Pensamientos suicidas
La situación ha afectado profundamente a su hijo. Desde que se fueron de la primera vivienda, el joven ha vagado por hasta tres centros. “No tiene amigos. Si ya de por sí su condición le crea problemas a la hora de sociabilizar, imagínate como están las cosas. Los niños lo rechazan”, afirma.
Según Marta, el menor ha expresado pensamientos suicidas. La presión diaria por no tener un lugar estable se ha convertido en una carga emocional insoportable para ambos.
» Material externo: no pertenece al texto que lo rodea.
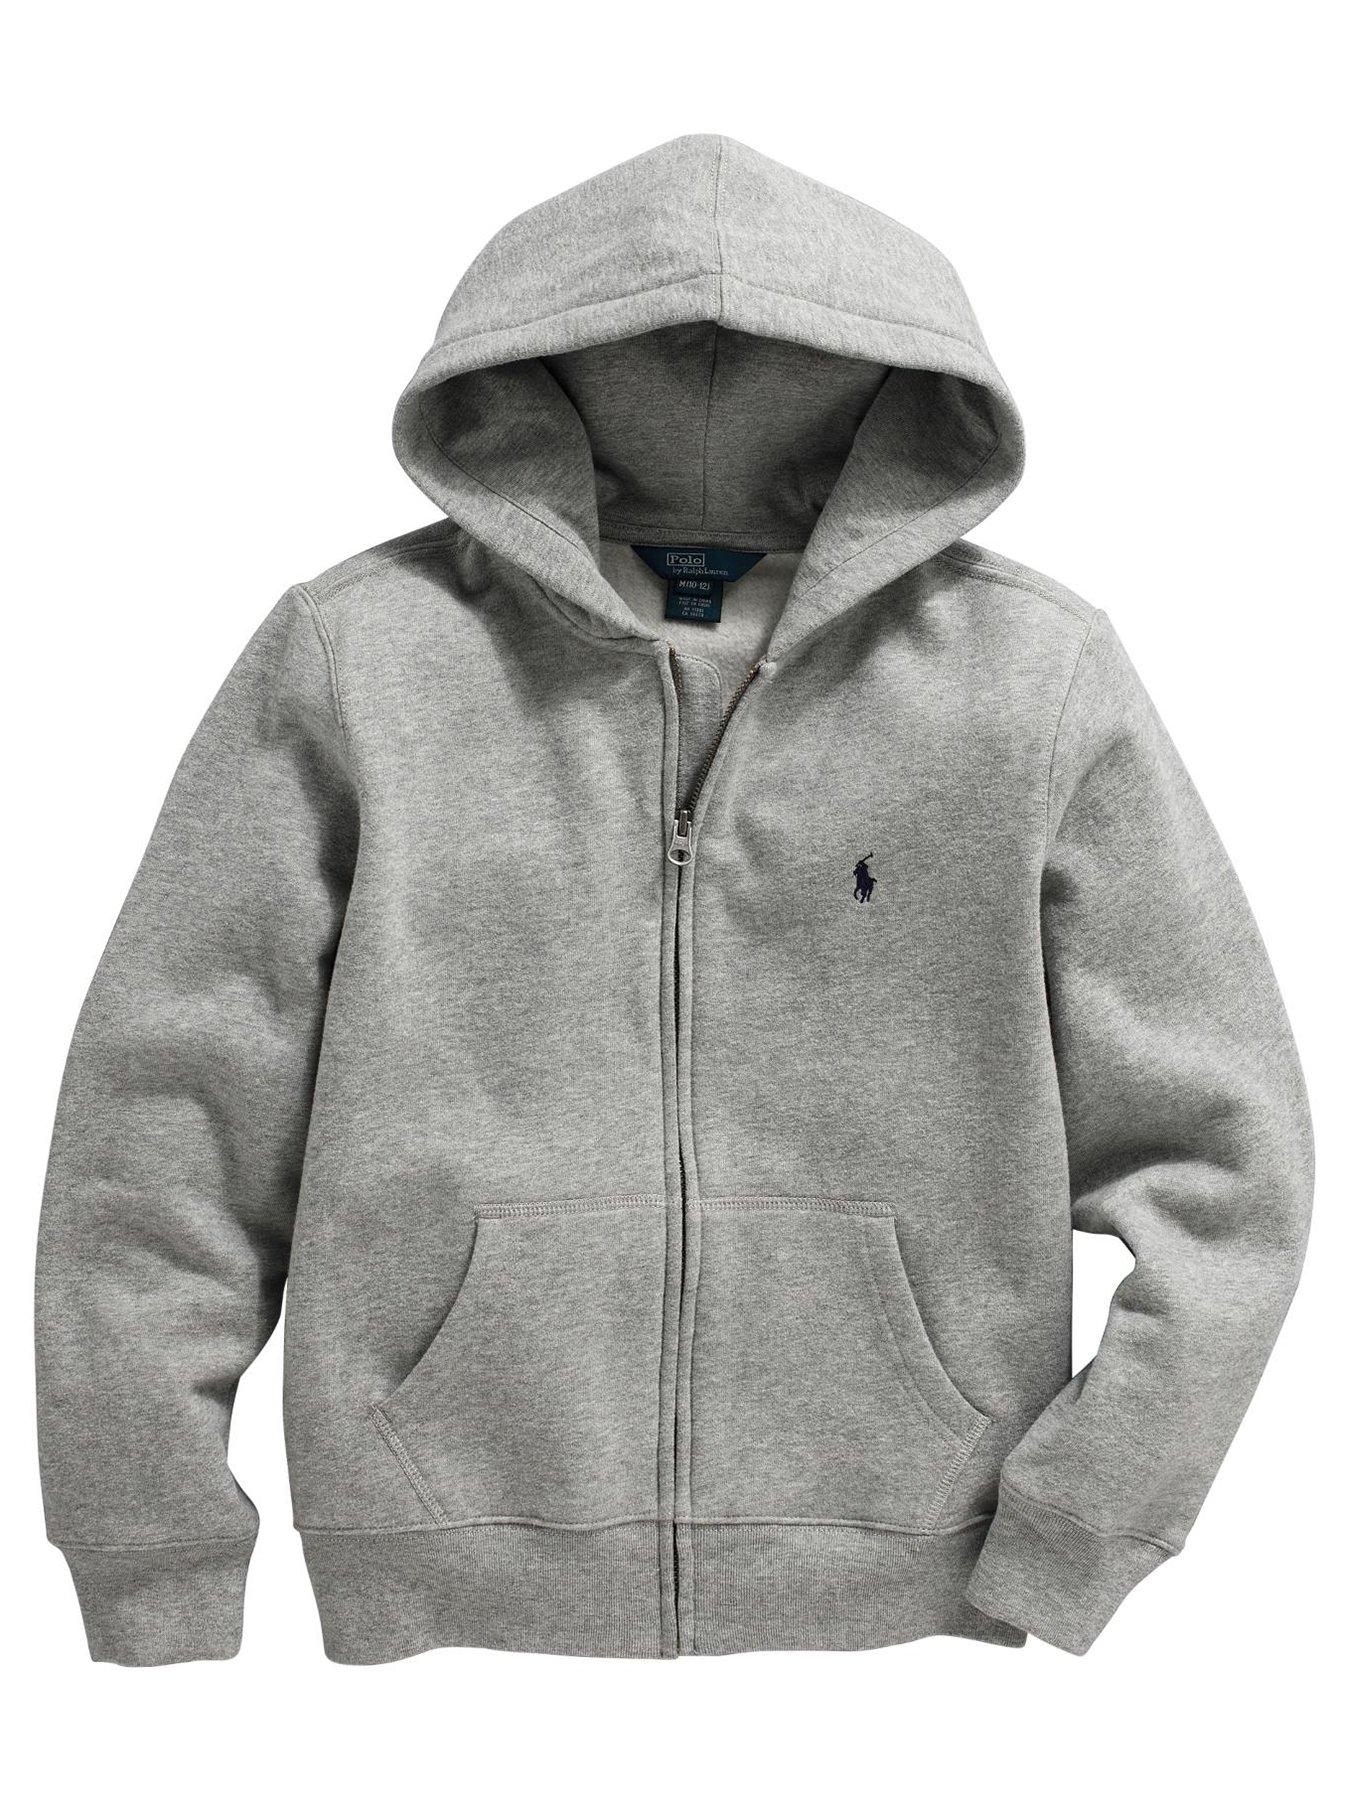 gray ralph lauren hoodie

“¿Quién fue la eminencia que dejó los sueldos por los suelos y los precios de las viviendas en el cielo? Me gustaría conocerlo”, se queja.
Una paradoja del sistema
Hoy, su solución provisional es una vivienda vacacional en el Valle San Lorenzo, en el municipio de Arona. Sólo le queda mes y medio en ella, después, asegura, “tendremos que ir de nuevo a la calle”. Esto es de por sí una paradoja: las casas concebidas para los turistas se han convertido para algunos locales en la única salida. “Estamos aquí porque no hay otra opción. Pero no puedo quedarme para siempre en un sitio que no es para vivir”, afirma.
La única alternativa que baraja ahora es radical: “Estamos planteando comprar una autocaravana. Al menos nadie podrá echarnos de ahí”.
El caso de Marta y su hijo es el reflejo de un sistema que expulsa a quienes no cumplen los criterios económicos de los propietarios y que ofrece soluciones despersonalizadas y deshumanizadas a través de las instituciones. Mientras tanto, el reloj corre para esta madre y su hijo. Cada vez quedan menos opciones.